You can ' t specify target table ' perf_linux_t ' for update in FROM clause

Can not delete Ah, it can only build another intermediate table.

Re-build the intermediate table
create table tmp like perf_linux_t;

Instead of deleting non-conforming data, the data is stored in the new table.

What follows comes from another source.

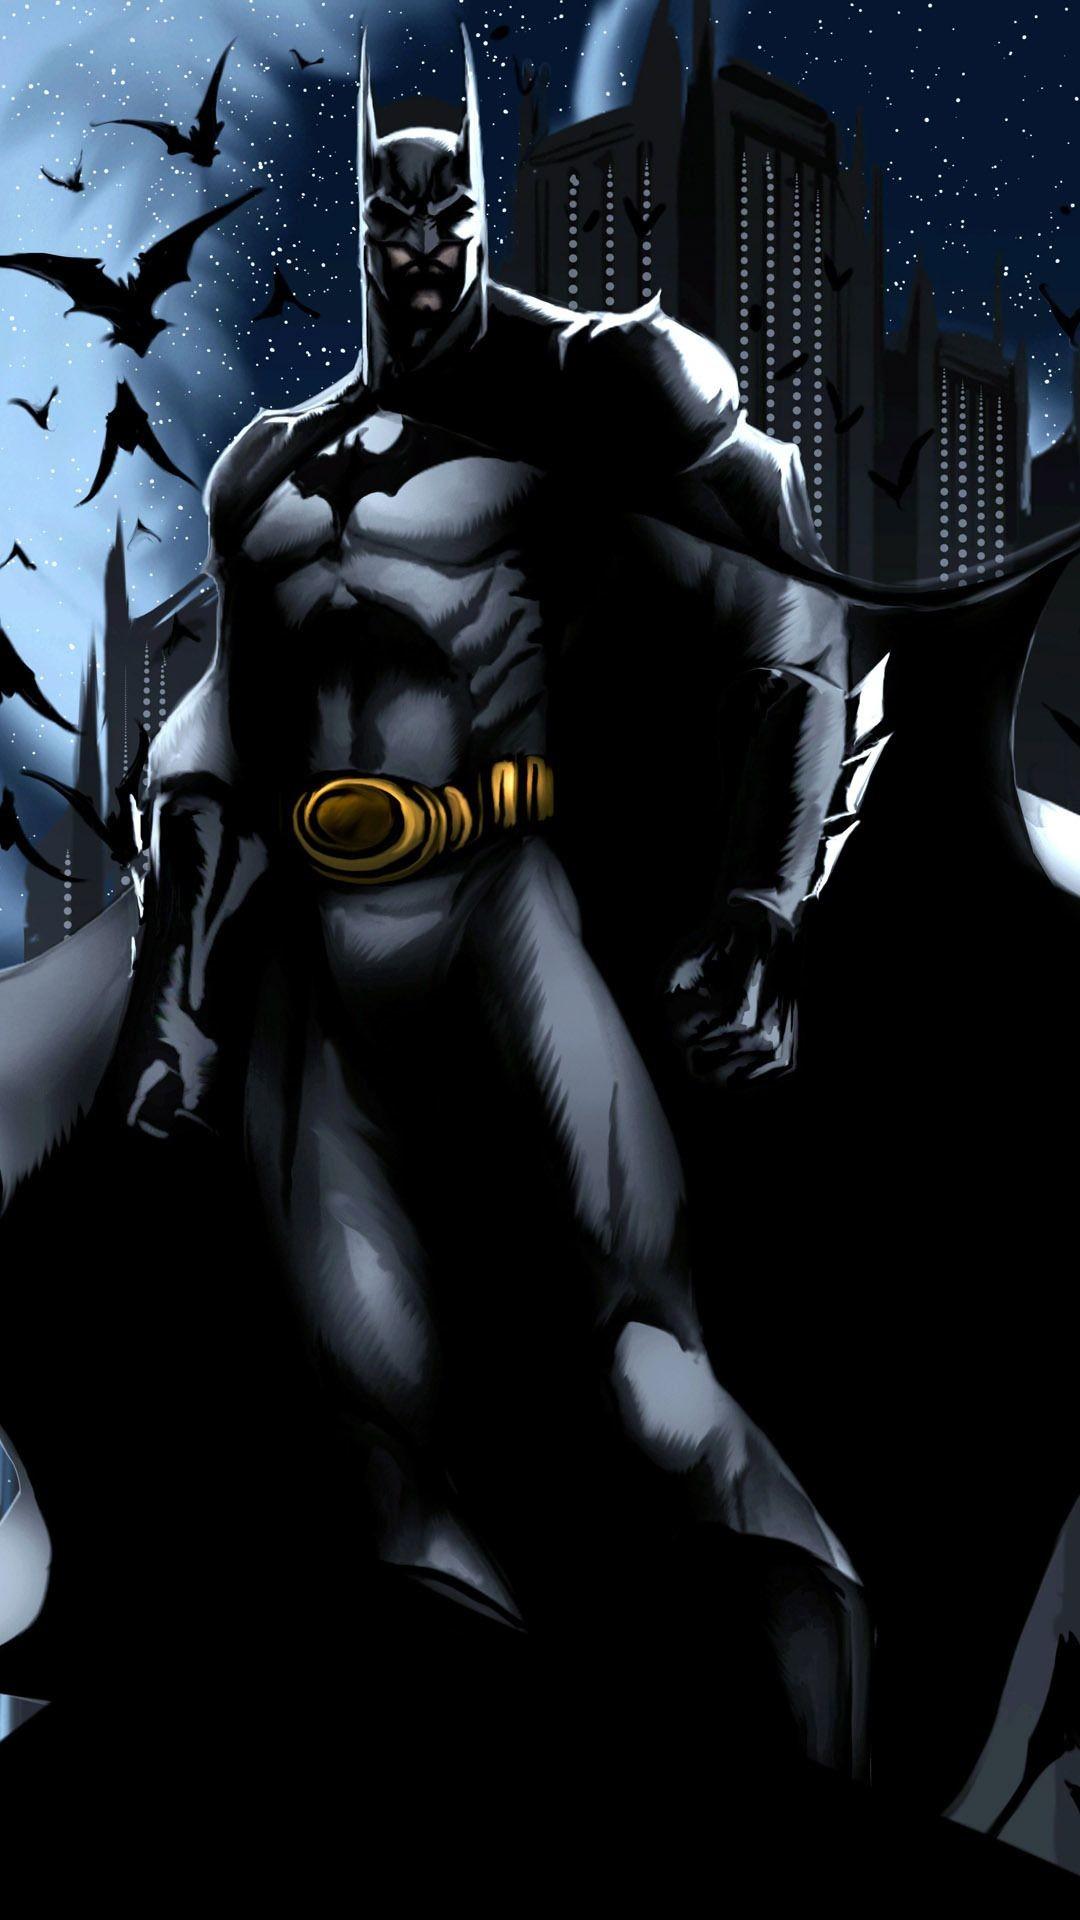 Res: 1080x1920, Batman Cartoon samsung galaxy Wallpaper HD Mobile × Batman

insert into tmp select * from perf_linux_t where auto_id in (select min(auto_id) as auto_id from perf_linux_t group by insert_time,conf_id );

Remove the useless columns from this table

ALTER TABLE `tmp` DROP COLUMN `auto_id`,DROP PRIMARY KEY;
Data back

Delete the original data

truncate table perf_linux;

Inserting data

insert into perf_linux select * from tmp;

Delete an intermediate table

drop table tmp;
drop table perf_linux_t;
Summarize

By this method, the data is changed to 42,387 and the redundant data is deleted. But in fact the problem of the program is not fully positioned, but also need to observe to locate the problem.

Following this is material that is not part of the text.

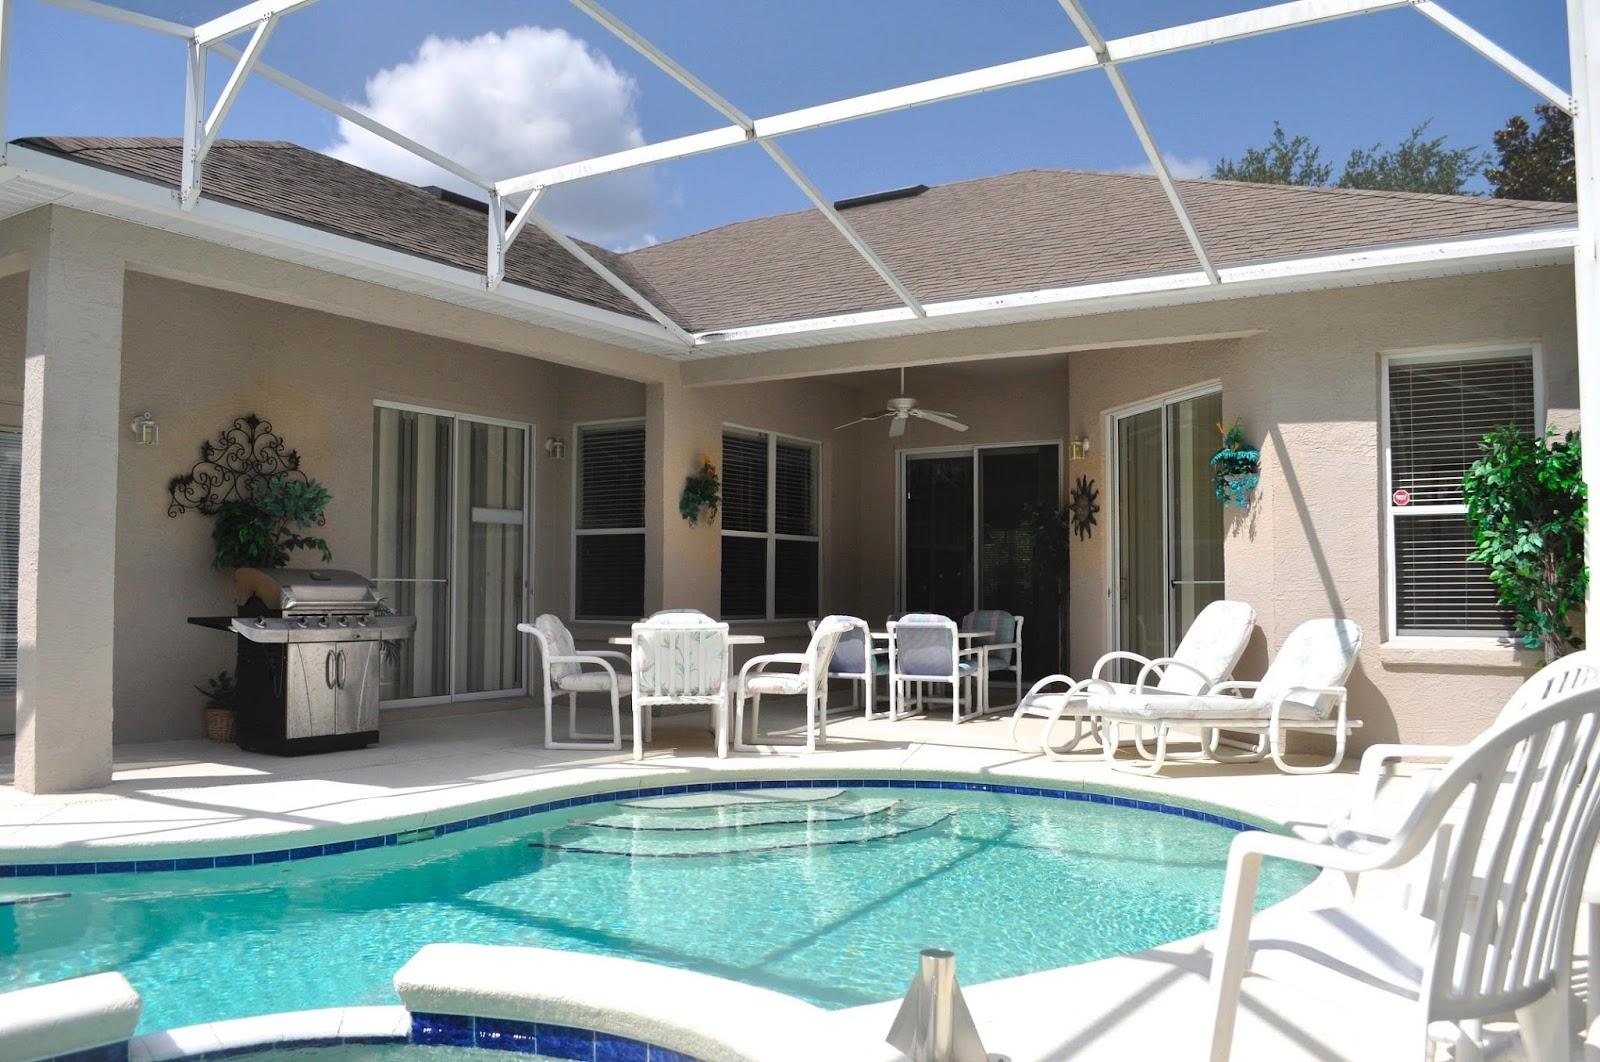 2 Bedroom Beach Resorts In Florida

And I think that this method should be compared to the method of soil, if you have a better way, I hope the generous enlighten.

Reference:

MySQL method for deleting duplicate record statements

Delete MySQL duplicate data

Related Article

Contact Us

The content source of this page is from Internet, which doesn't represent Alibaba Cloud's opinion; products and services mentioned on that page don't have any relationship with Alibaba Cloud. If the content of the page makes you feel confusing, please write us an email, we will handle the problem within 5 days after receiving your email.

If you find any instances of plagiarism from the community, please send an email to: info-contact@alibabacloud.com and provide relevant evidence. A staff member will contact you within 5 working days.

A Free Trial That Lets You Build Big!

Start building with 50+ products and up to 12 months usage for Elastic Compute Service

  • Sales Support

    1 on 1 presale consultation

  • After-Sales Support

    24/7 Technical Support 6 Free Tickets per Quarter Faster Response

  • Alibaba Cloud offers highly flexible support services tailored to meet your exact needs.